No recuerdo exactamente el año, pero debería ser 1990, y eso pide contexto: la informática universitaria estaba dominada por los grandes ordenadores centrales y la microinformática aún no había eclosionado. Todavía faltaban unos años para que la ciudadanía tuviera acceso a Internet y lo habitual era que sólo algunos estudiantes e investigadores accedieran al Centro de Cálculo de la Universidad para solicitar una cuenta de usuario del todopoderoso Mainframe VAX/VMS, que normalmente querían para acceder a una cuenta de correo electrónico (algo escaso por entonces) o para poder efectuar cálculos estadísticos o procesos matemáticos.

Eran tiempos mágicos en los que descubrías maravillado que podías escribir un mensaje y lo podías enviar literalmente a cualquier lugar del mundo. Y eso, en manos de alegres estudiantes no dejaba de provocar situaciones a veces divertidas, a veces interesantes y, en ocasiones, problemáticas.
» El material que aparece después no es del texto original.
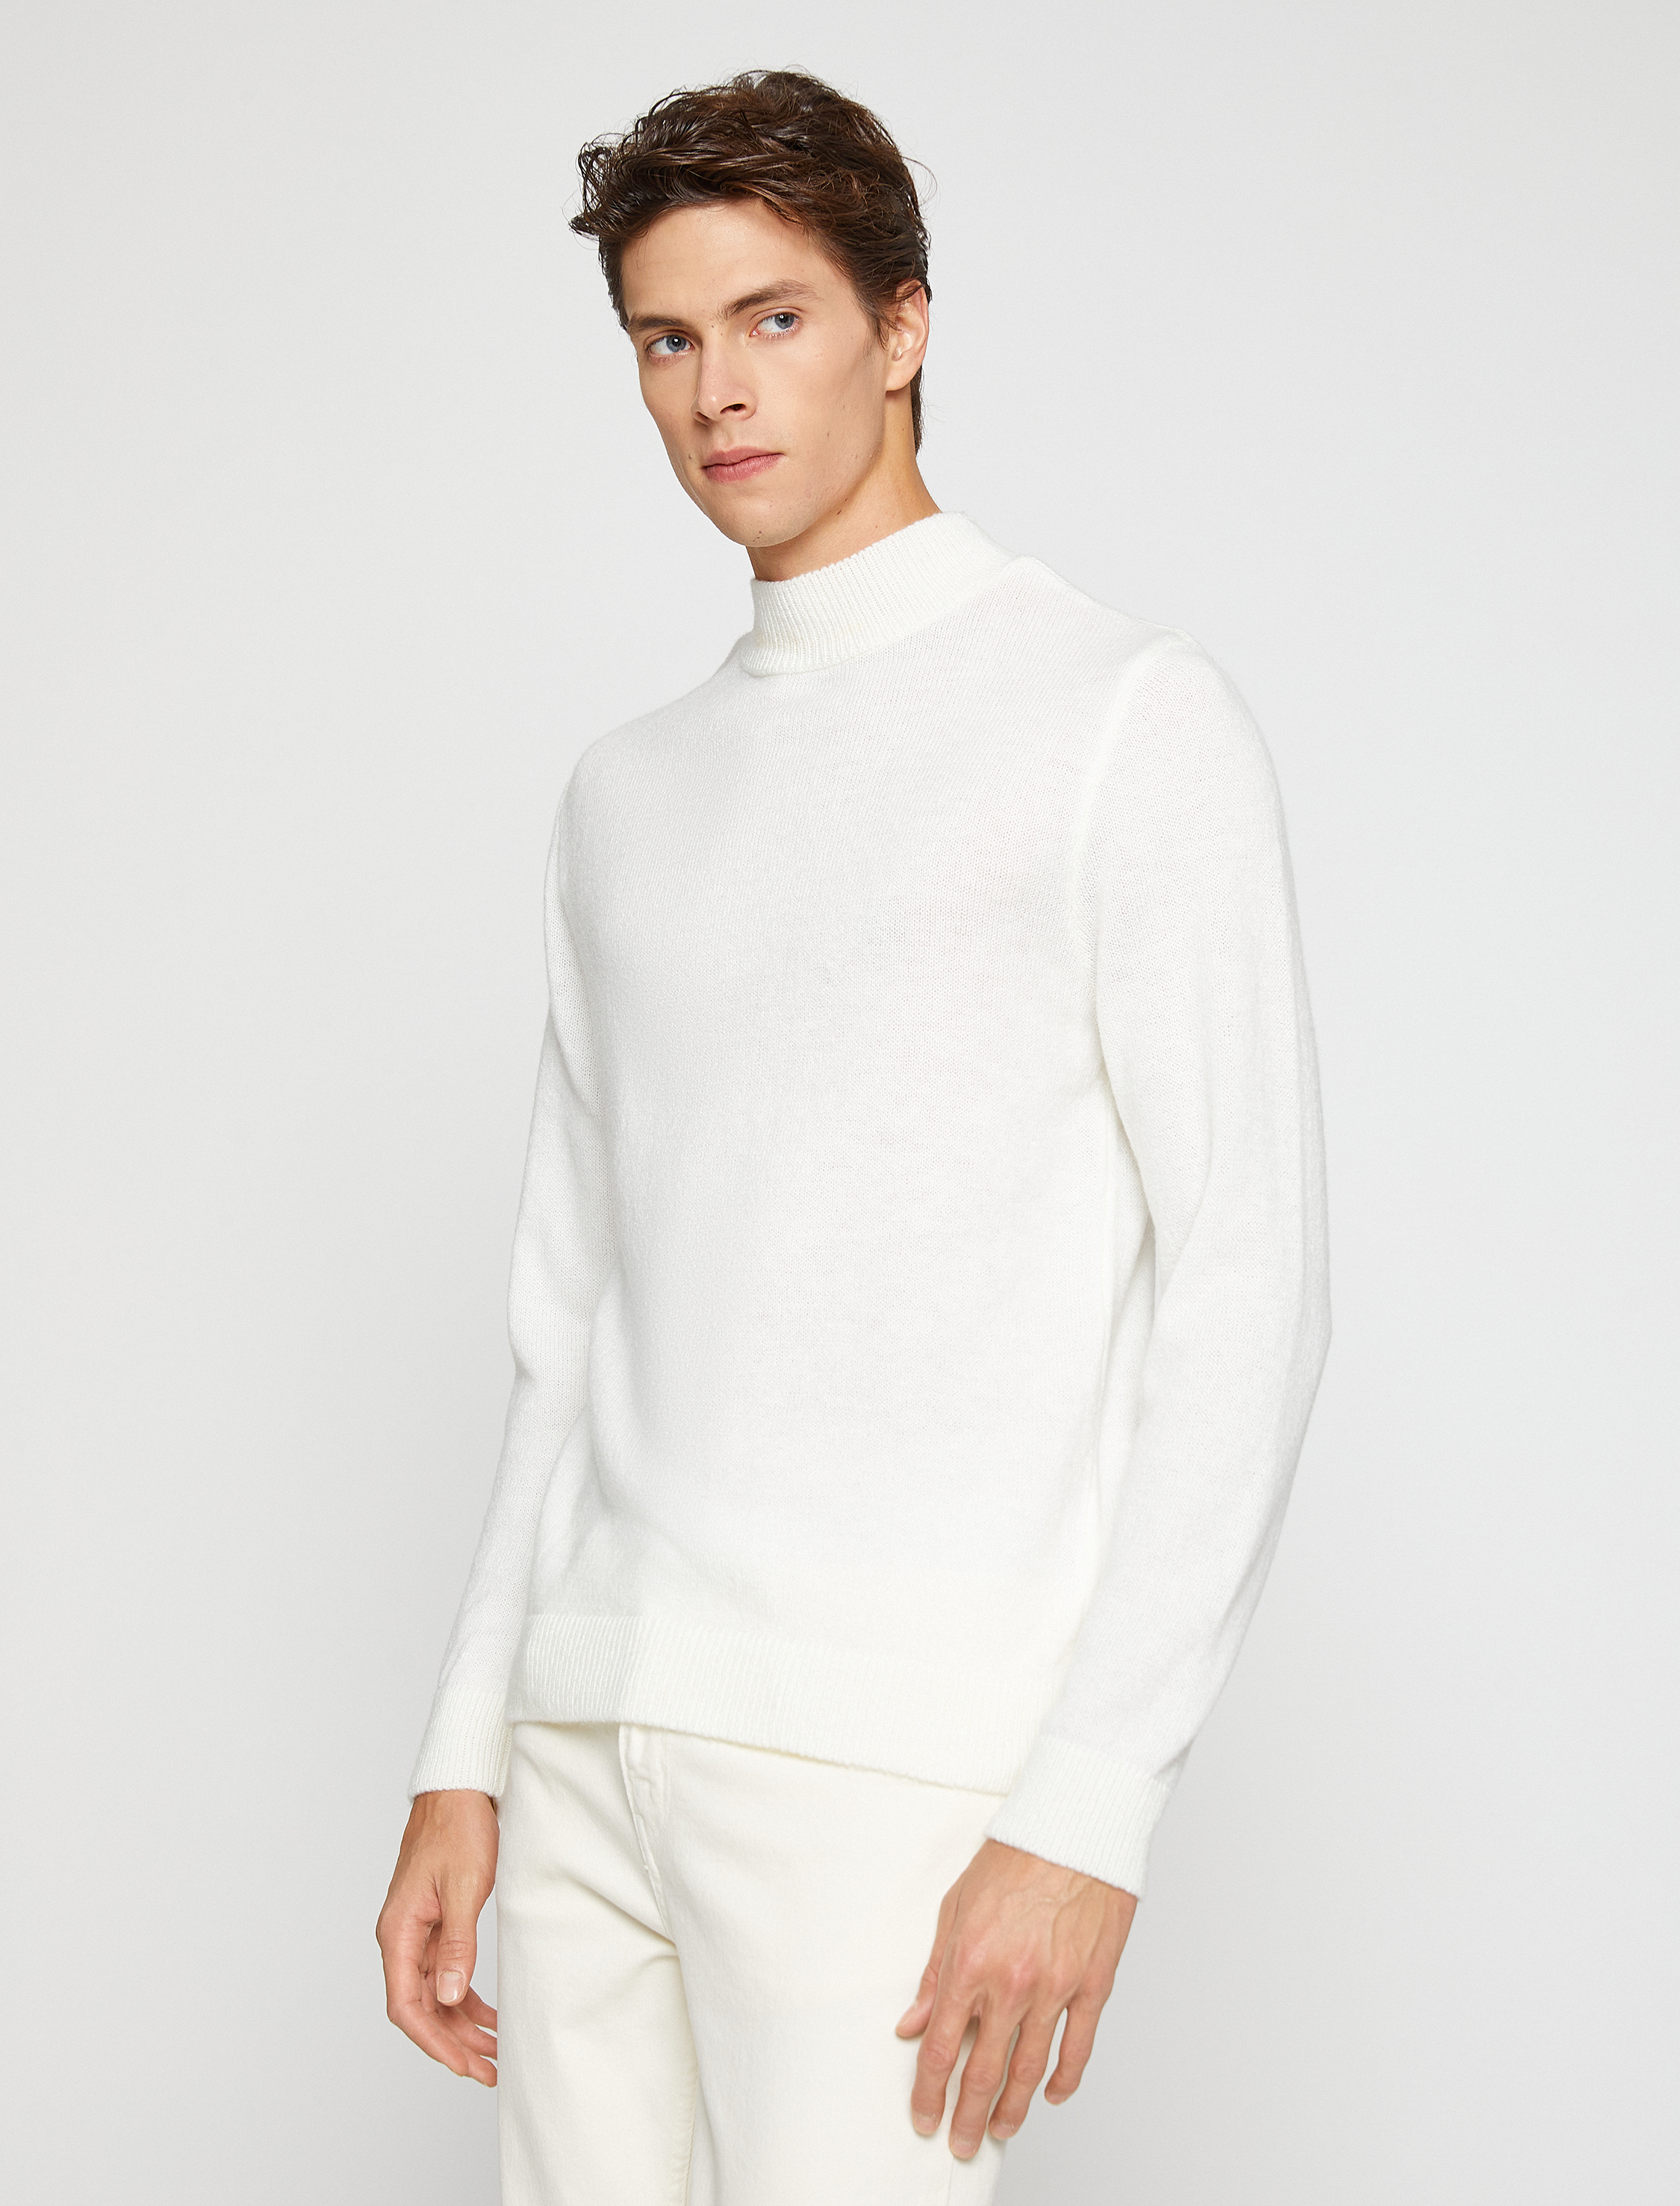 Beige/Red L discount 66% Zara jumper MEN FASHION Jumpers & Sweatshirts Print 
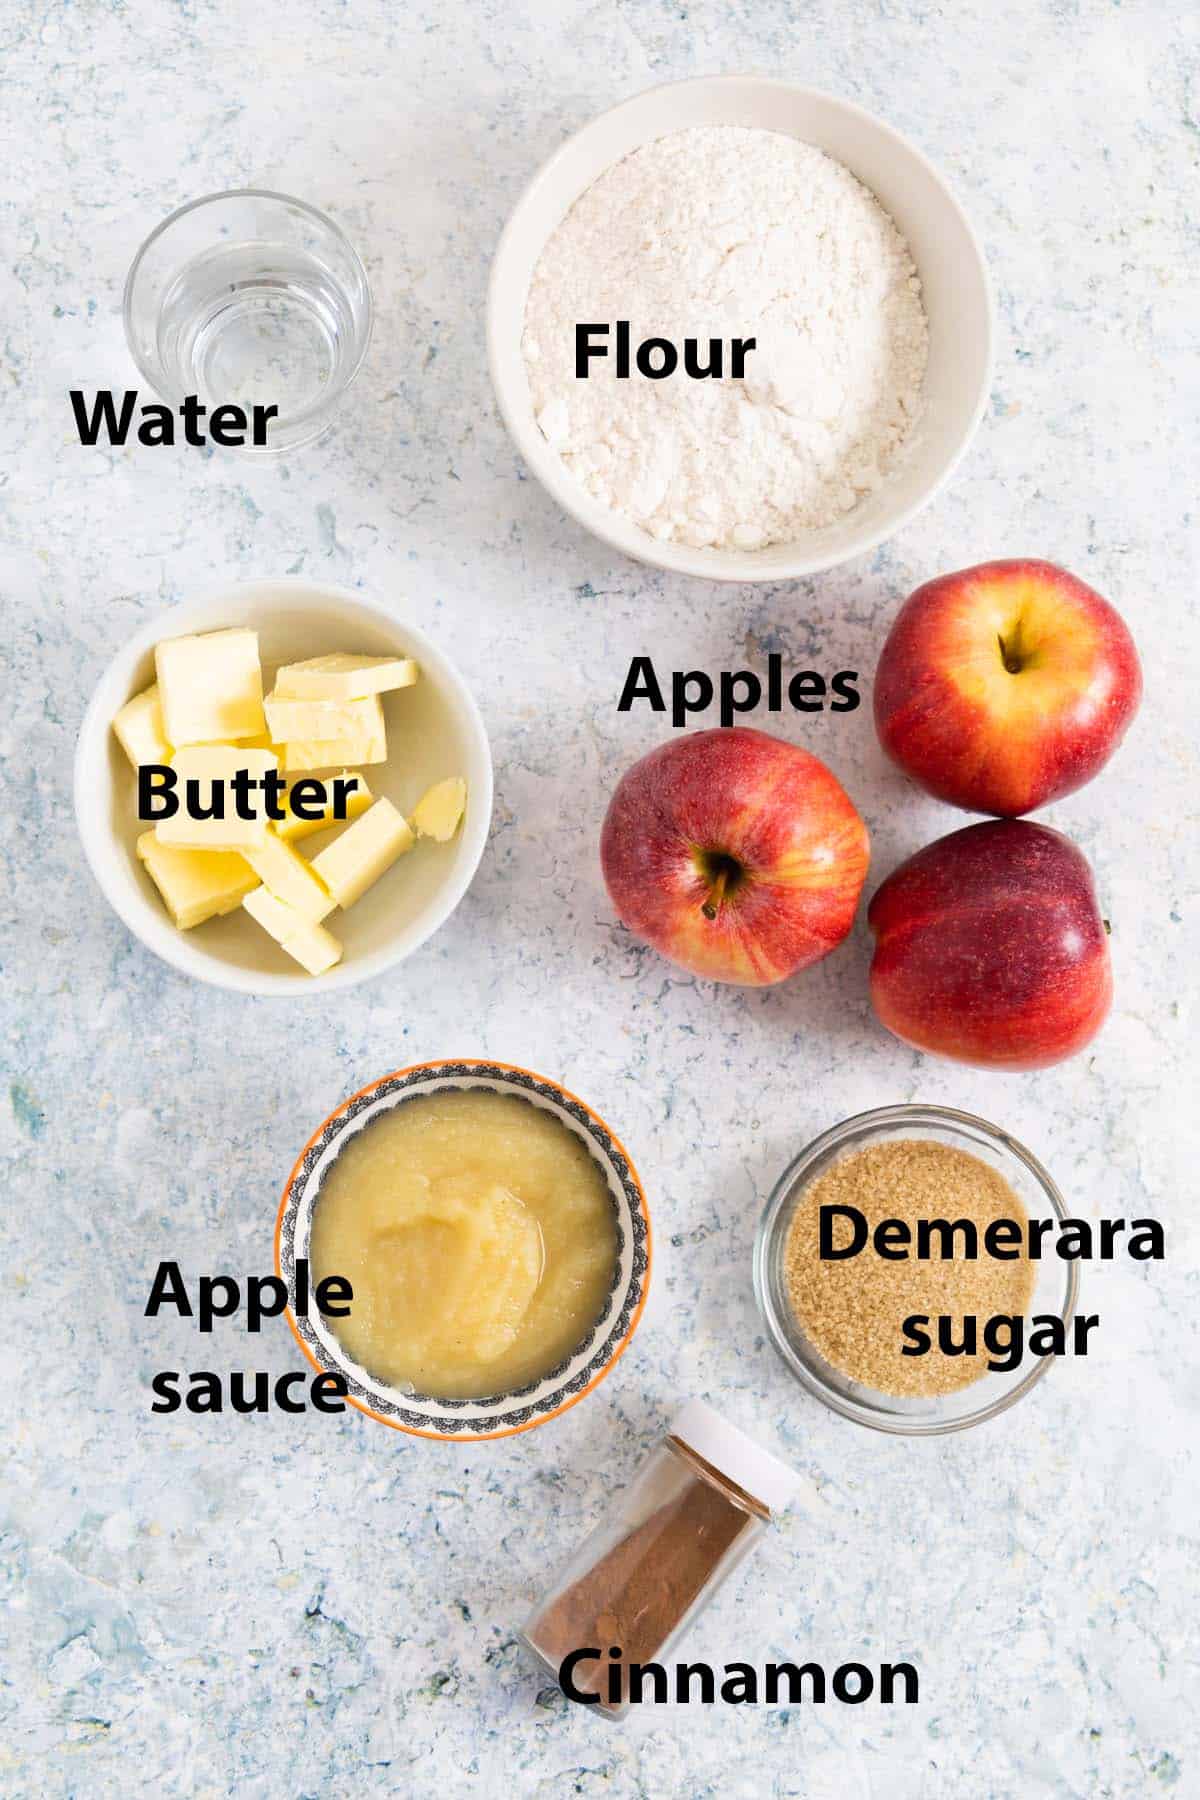 labelled ingredients: flour, water, butter, apple sauce, apples, demerara sugar.

Unos se dedicaban a escribir a la embajada de Israel, o a la de Estados Unidos, cuando no a sus Gobiernos, y otros se dedicaban a flirtear y bromear. Había quien luchaba y quien jugaba, pero en ambos, en ocasiones, era necesario intervenir tanto si la queja venía de un Gobierno como si procedía de otro estudiante.

Y ahí empezaban los problemas, porque la Universidad no contaba con ningún reglamento ni normativa que arbitrara ese tipo de casos. No estaba previsto qué hacer en caso de que alguien suplantara la identidad de otro en una comunicación telemática, o que usara recursos informáticos de la Universidad para meterse con alguien. Algo había que hacer, pero ningún reglamento decía qué. Hubo que improvisar, y para ello, por suerte, teníamos al gran José Antonio Checa, uno de los responsables del Centro de Cálculo, con el que compartíamos ganas, ilusión y sentido del humor.

Eran muchas las ocasiones en que debíamos resolver el caso de un estudiante concreto que había sido identificado como autor de alguna de esas tropelías. Y en tales casos le convocábamos a una reunión en el Centro de Cálculo, donde le explicábamos que sabíamos lo que había hecho, la gravedad de su actuación, lo serio que era todo ello, y las consecuencias: “si te volvemos a pillar nos veremos obligados a abrirte un expediente académico!”, dicho así, con voz severa y trascendente, dando a entender que eso era claramente el final apocalíptico de todo. La hecatombe. Ante lo cual la persona sucumbía y rogaba que no, que por favor, que no lo hiciéramos, que no le abriéramos un expediente académico. Por favor. Eso no. Y como en las mejores películas de poli bueno y poli malo, José Antonio y yo nos mirábamos y, condescendientes, decíamos “bueno, pero que no te volvamos a pillar”.

Todos los estudiantes de la Universidad tienen un expediente académico. Sólo faltaría. El expediente académico se lo abrieron el día que se matriculó. No había ninguna amenaza, sólo el absurdo recursos de dos pobres informáticos empezando a lidiar con lo digital cuando aún no existían las reglas de juego. Y así seguimos.